* DIRECTIONS FOR THIS TASK: Pictures are to be dropped. Everything else in the listing gets copied exactly.

* DATA PROVIDED:
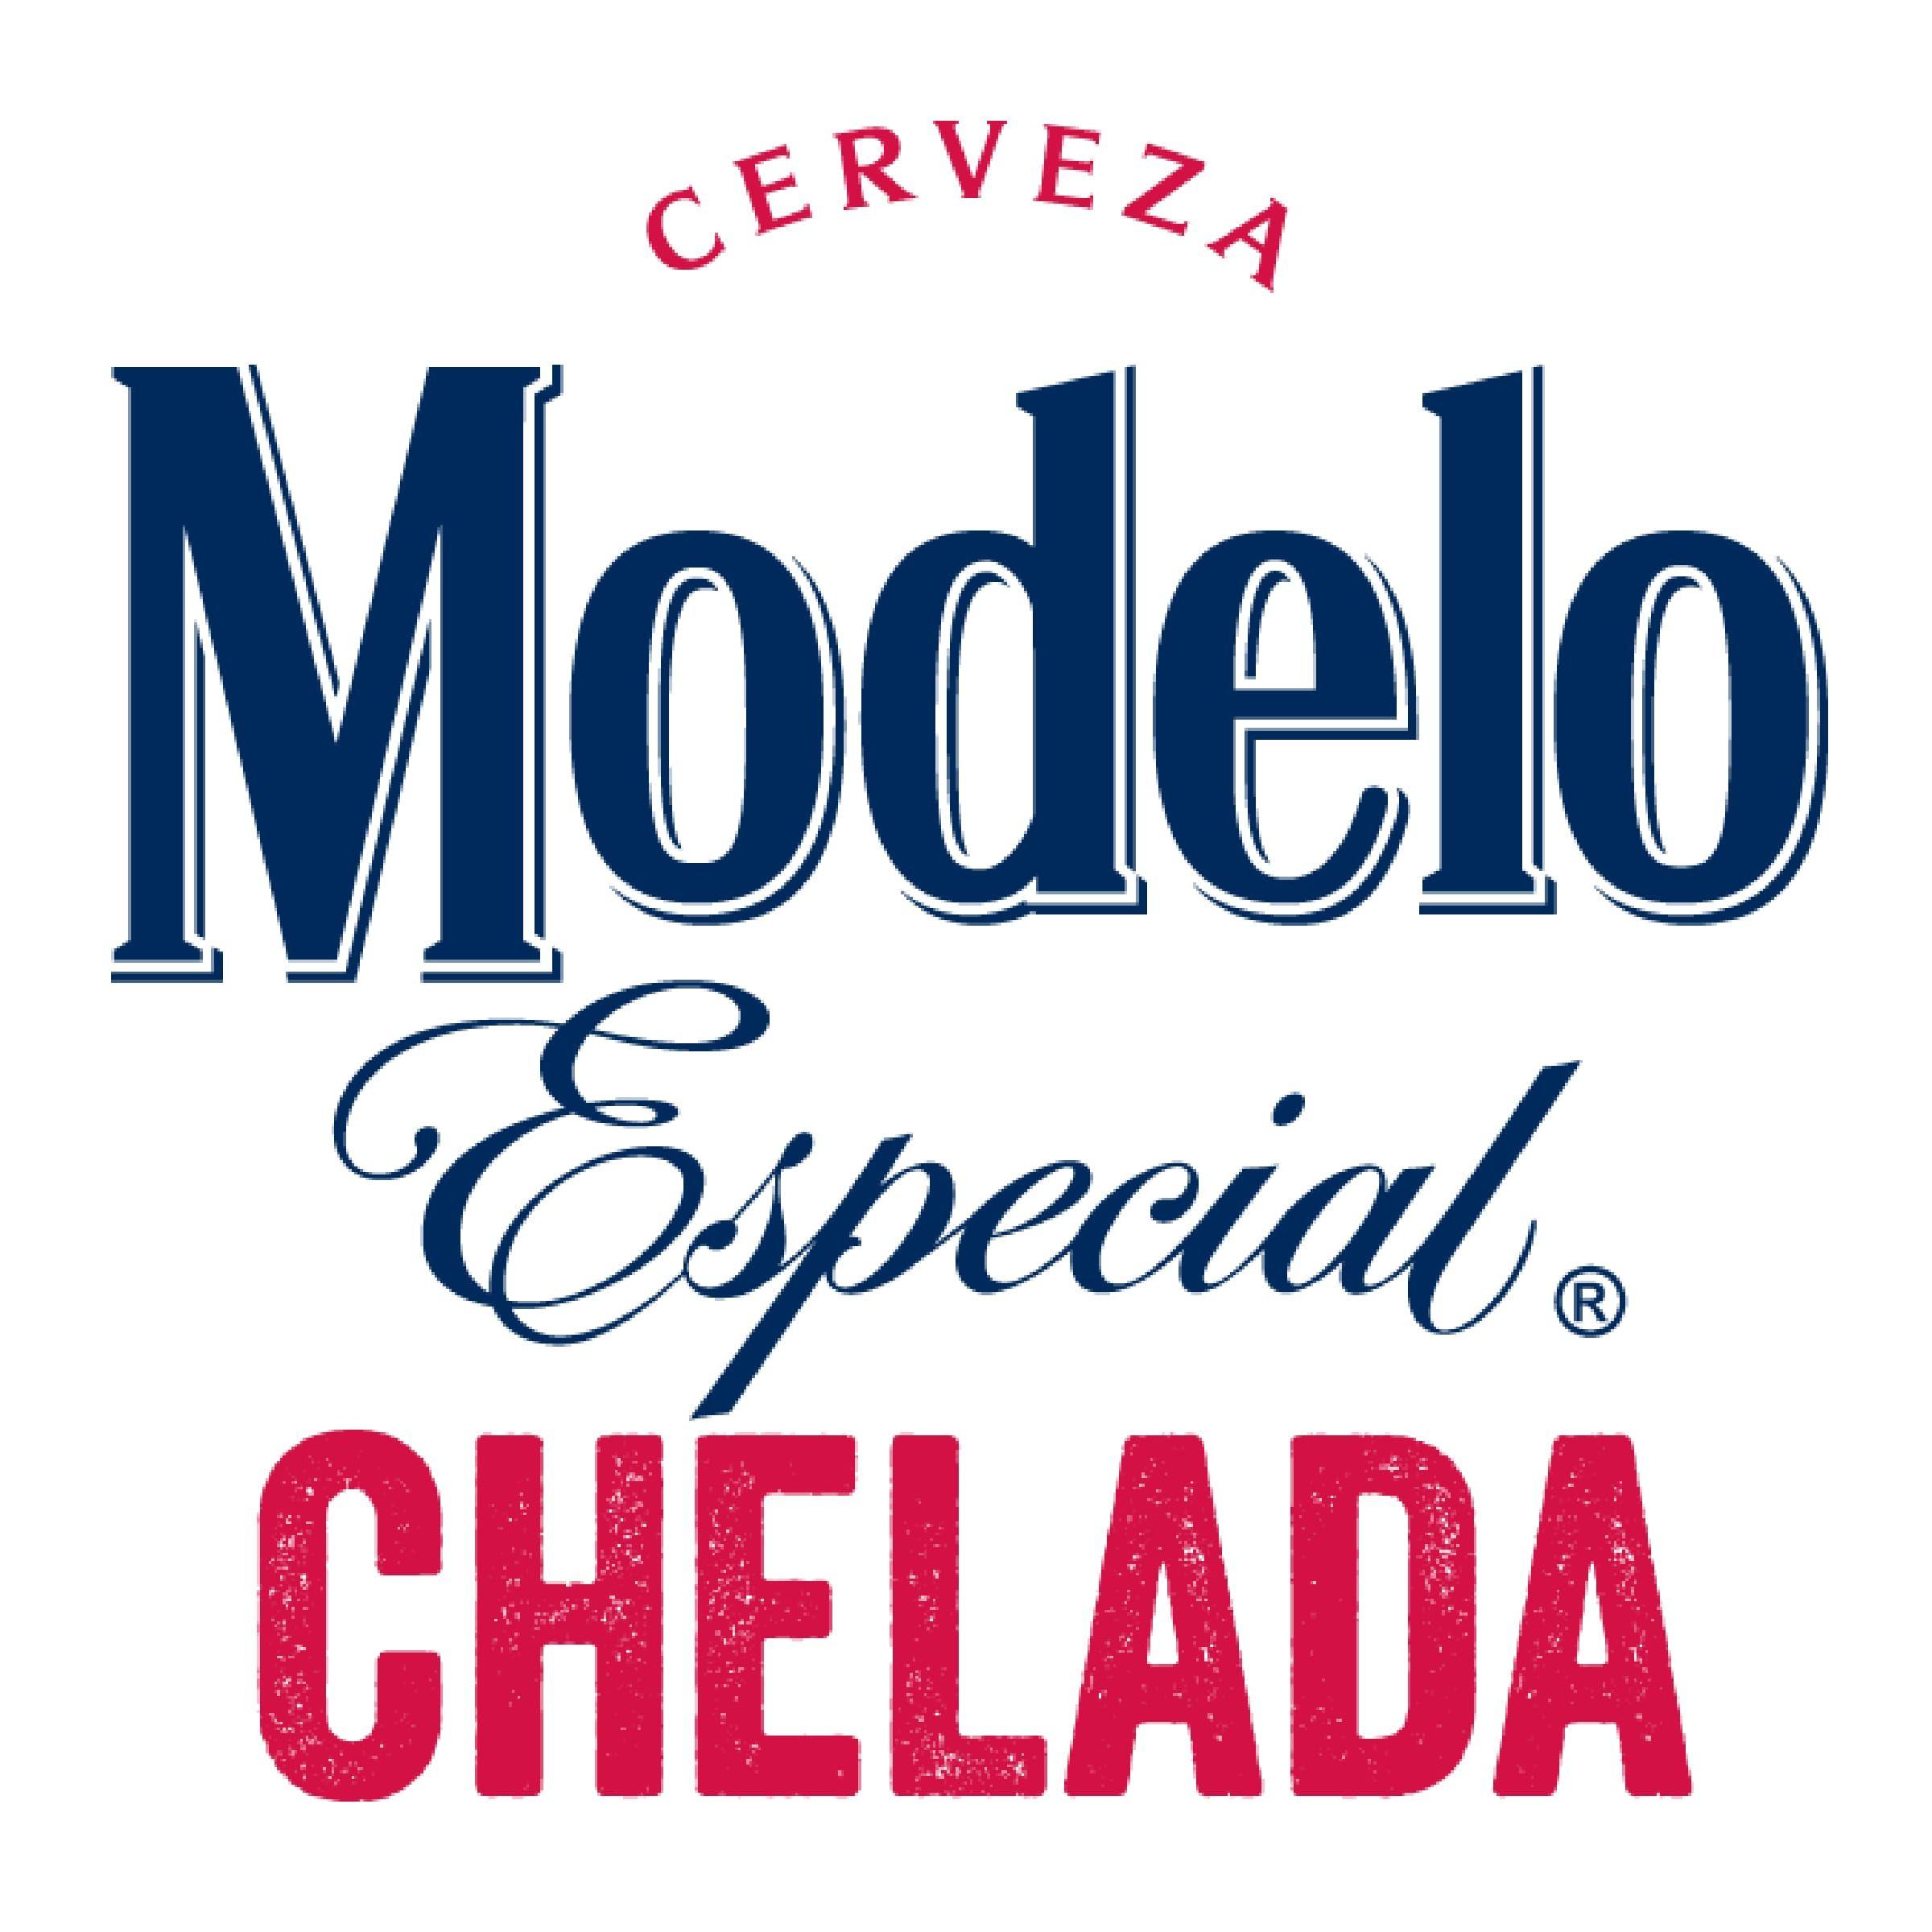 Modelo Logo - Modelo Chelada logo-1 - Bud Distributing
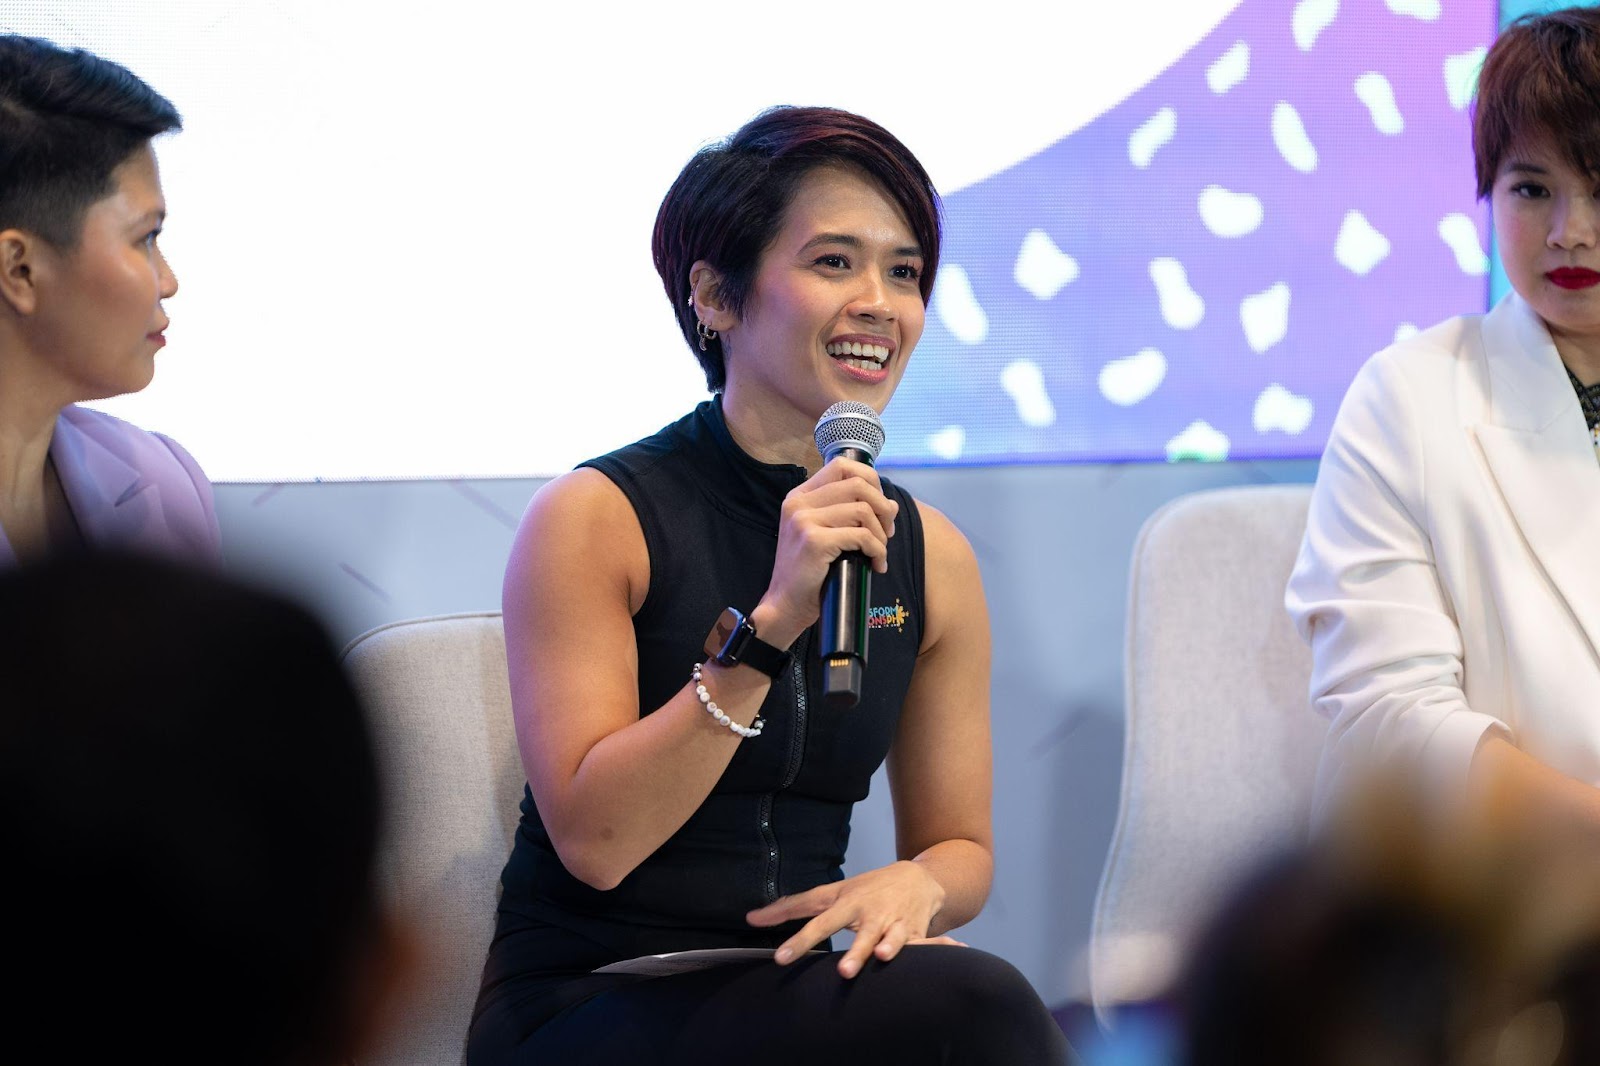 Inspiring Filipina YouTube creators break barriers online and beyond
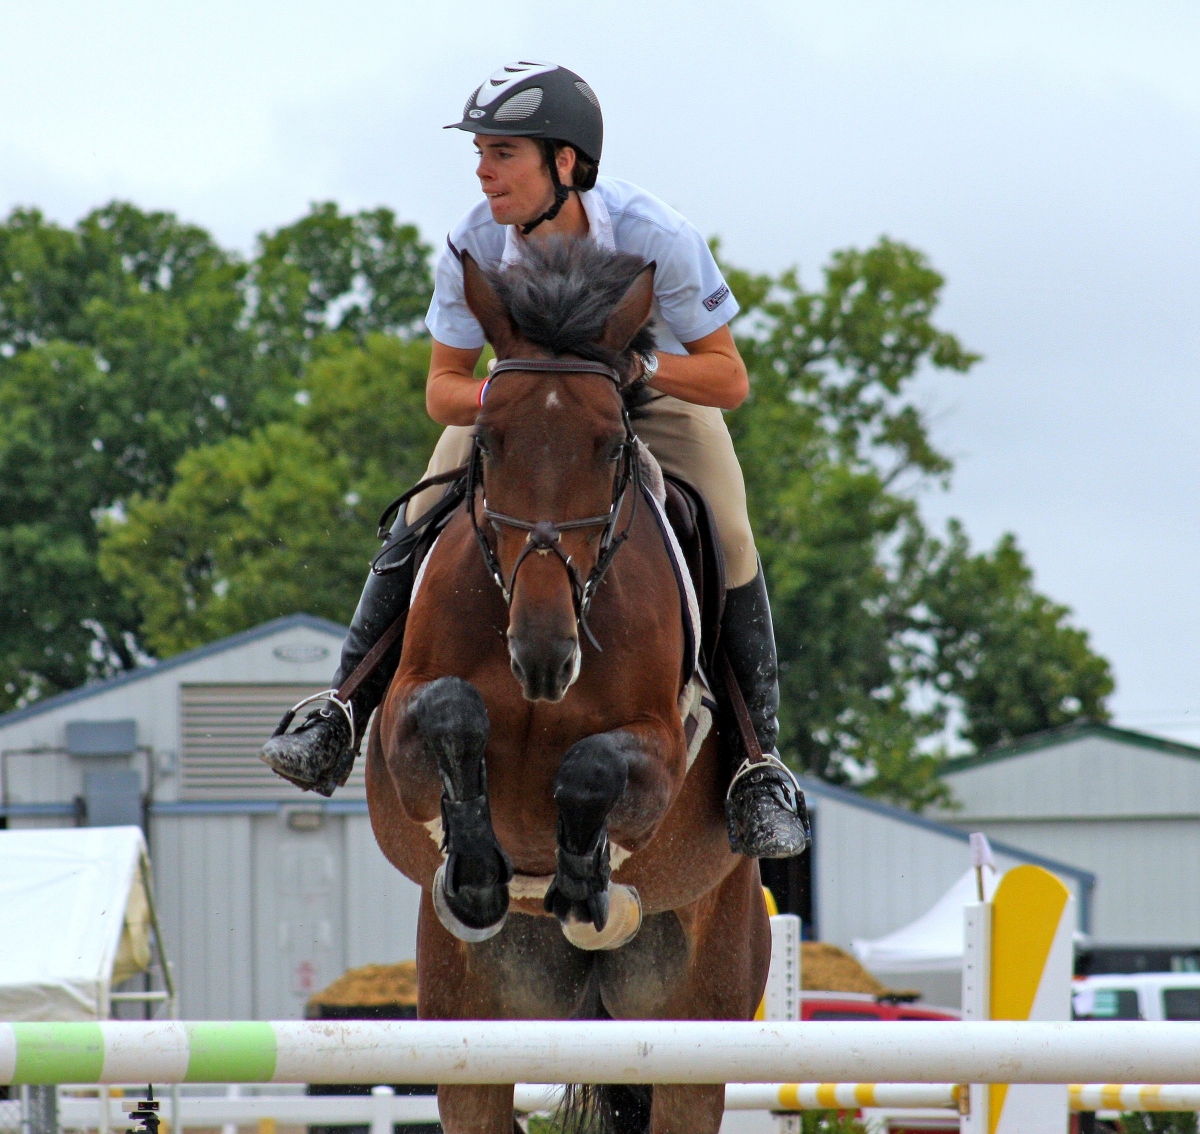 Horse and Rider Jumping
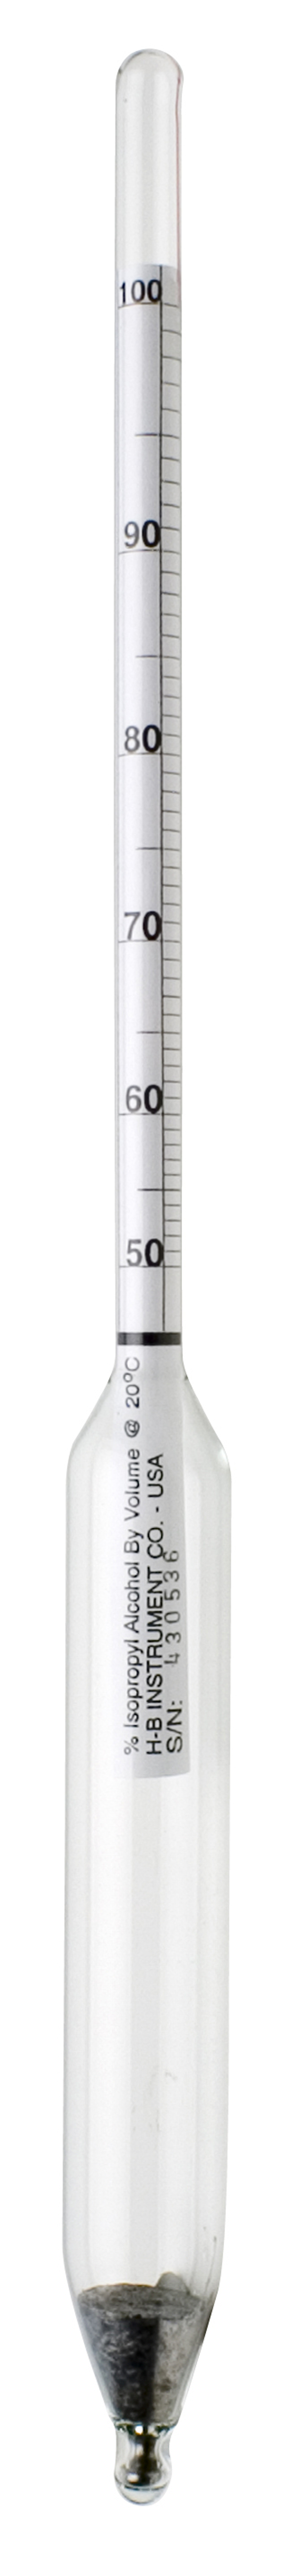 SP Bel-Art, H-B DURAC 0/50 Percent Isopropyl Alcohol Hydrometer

* WRITTEN ANSWER:
 Modelo Logo - Modelo Chelada logo-1 - Bud Distributing
 Inspiring Filipina YouTube creators break barriers online and beyond
 Horse and Rider Jumping
 SP Bel-Art, H-B DURAC 0/50 Percent Isopropyl Alcohol Hydrometer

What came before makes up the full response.